Exemples concrets d’application de l’art 1242 Code civil
Pour mieux appréhender la portée de ce texte, voici deux situations pratiques illustrant sa mise en œuvre devant les tribunaux français.
Exemple 1 : Le fait d’une chose inanimée
Un particulier installe un pot de fleurs sur le rebord de son balcon. À la suite d’un coup de vent qui ne présente pas les caractères de la force majeure (le vent était prévisible dans la région), le pot tombe et brise le pare-brise d’un véhicule stationné en contrebas. Le propriétaire du véhicule n’a pas à prouver que le propriétaire de l’appartement a mal fixé le pot. En vertu du 1242 code civil, le propriétaire de l’appartement, en tant que gardien de la chose, est responsable de plein droit du dommage causé par la chute de son bien.
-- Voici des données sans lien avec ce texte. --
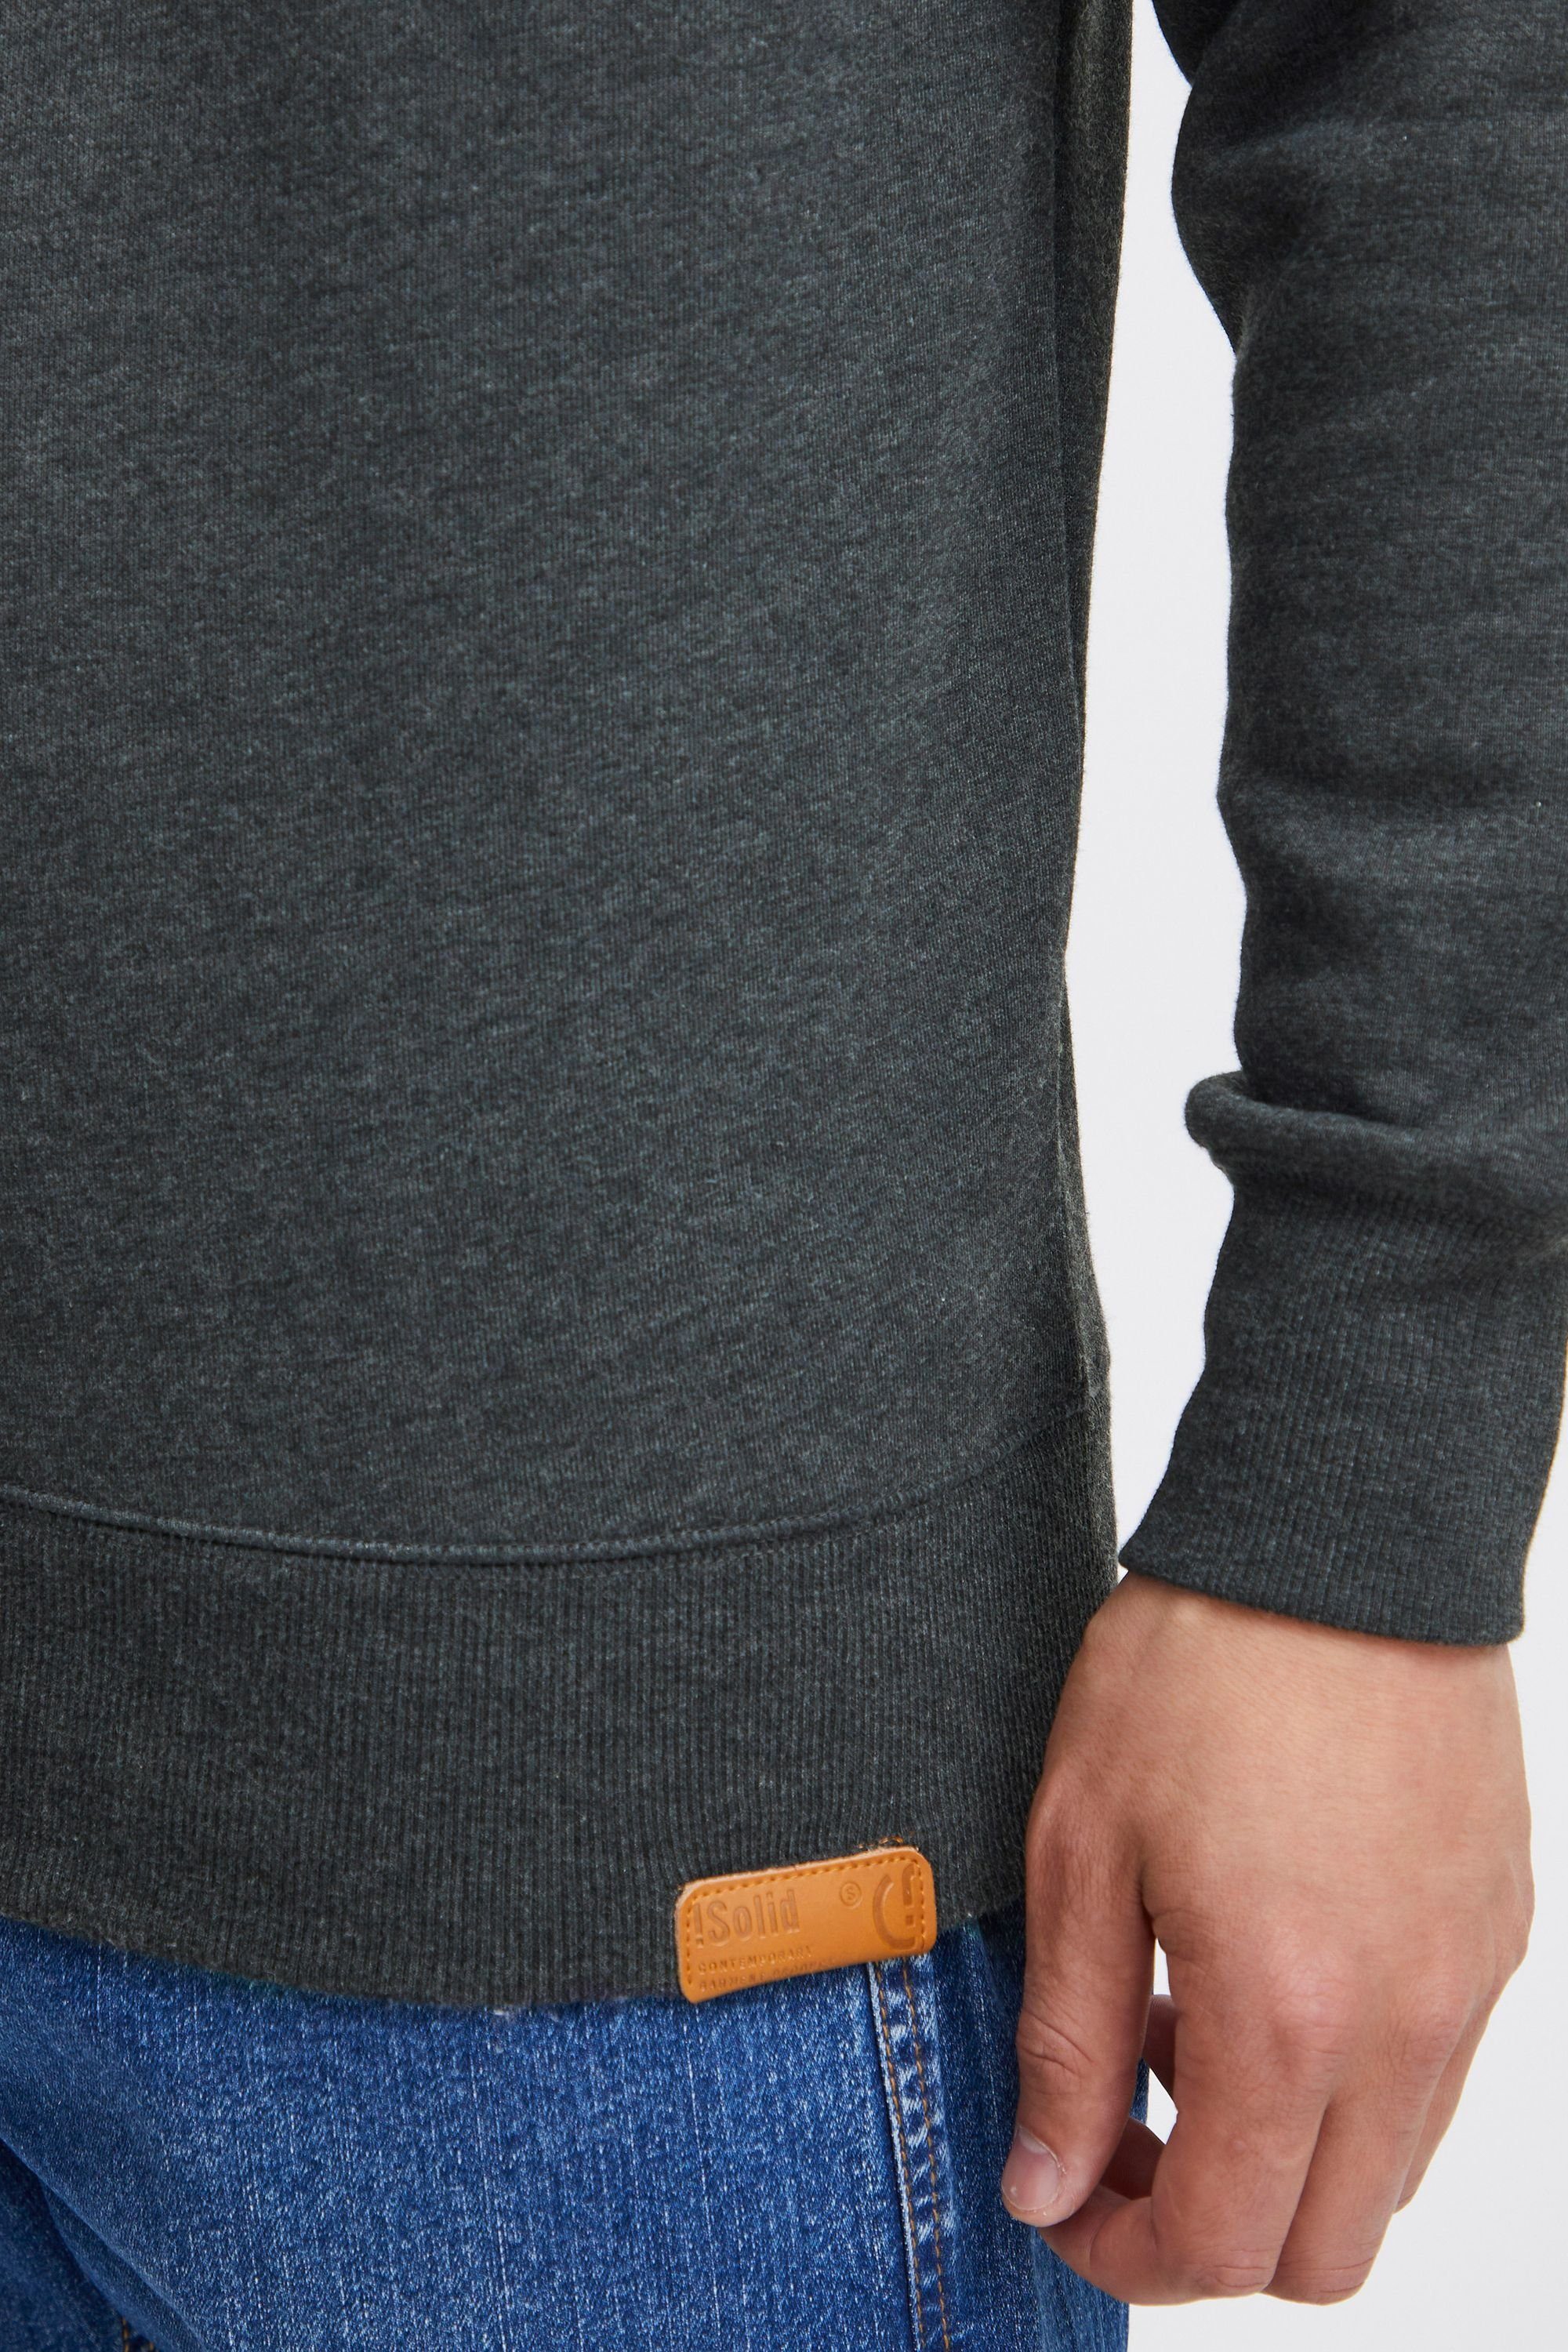 Solid Sweatshirt Grey (8288) Fleece-Innenseite Melange mit O-Neck SDTrip Sweatpullover Dark

Exemple 2 : Le fait du préposé
Un livreur, salarié d’une entreprise de logistique, effectue une marche arrière maladroite avec son camion de fonction et détruit le portail d’un client. La victime (le client) ne va pas poursuivre le livreur personnellement, car ce dernier agissait dans le cadre de ses fonctions. Le client engagera la responsabilité de l’entreprise de logistique sur le fondement de l’article 1242 code civil. L’employeur devra indemniser la victime, généralement par le biais de son assurance responsabilité civile professionnelle.
Modalités d’action et charge de la preuve en justice
La mise en œuvre de la responsabilité extracontractuelle obéit à des règles procédurales strictes. La victime qui souhaite obtenir des dommages et intérêts doit saisir la juridiction civile compétente (le tribunal judiciaire) et apporter la preuve des éléments constitutifs de sa demande.
Conformément aux règles générales de la preuve, et notamment à l’article 1353 du Code civil, c’est à celui qui réclame l’exécution d’une obligation de la prouver. La victime devra donc démontrer la réalité de son préjudice (factures de réparation, certificats médicaux), l’intervention de la chose ou de la personne dont le défendeur est responsable, et le lien de causalité direct et certain entre ce fait et le dommage subi.
Il est également crucial de rappeler le principe de non-cumul des responsabilités. Si le dommage survient dans le cadre de l’exécution d’un contrat liant la victime et l’auteur du dommage, l’article 1242 du code civil ne peut pas être invoqué. Dans ce cas de figure, la victime devra obligatoirement se fonder sur les règles de la responsabilité contractuelle, régies notamment par l’article 1231-1 du Code civil. La distinction entre ces deux régimes est fondamentale, car elle modifie les délais de prescription, les clauses limitatives de responsabilité applicables et les conditions d’indemnisation.